I Wish I Knew How It Feels to Be Free

Wanda Sabir

We are on the elder’s property where he is holding court with the younger warriors. All Diaspora men – there are four men, one Ghanaian, one from the Caribbean and the third black American. All arrived in Ghana 20-25 years ago looking for the bush and found it here.
These Diaspora men were looking to get away from the complications of structural racism, noisy capitalism and modernity. They stepped off the grid, yet when I arrived in the conversation, they spoke of how the precious bush was being chopped down, land gone, cultural treasures leased and discarded, sold to the highest bidder.
So these men sell or rent out their houses when the road gets too close … hoping for a spot where they will be left alone. Off the grid, they use solar power, rainwater irrigation. They make small small carbon footprints.
It had been storming; we walked carefully around muddy places on the hillside where the three houses stood. A garden flourished, covered the landscape with edible and decorative plants — many medicine for ailments.
The outdoor porch where Brother Muhammad sat was like a classroom, all of us eager to listen to his stories about the movement and his first time in Ghana and his return for good 30 years ago.
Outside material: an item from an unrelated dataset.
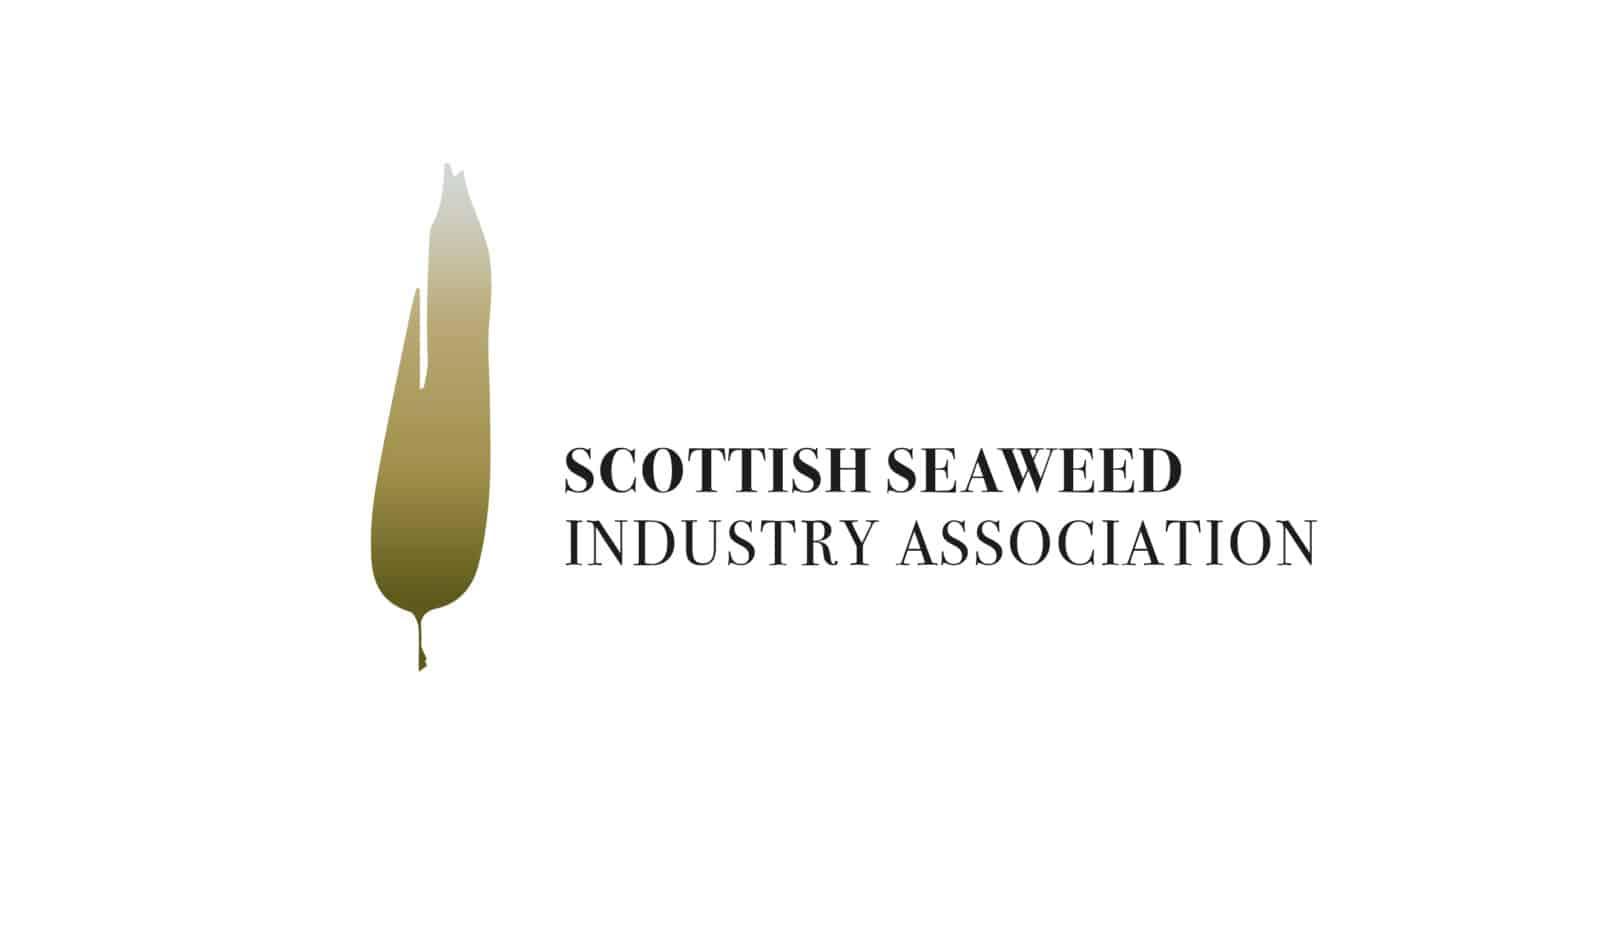 Scottish Seaweed Industry Association

When I went into his home, I was surprised to see the lovely marble floors and walls, spacious and open, with beautiful art in each room. The other house further down was round; its walls tiled with beautiful seashells and tiled glass.
I think about my daddy and what it might have meant to his life if he had had an opportunity to visit Angola, Southwestern Africa, rather than Angola, Louisiana, the largest state prison in America. In the African bush, he would have finally known how it feels to be free.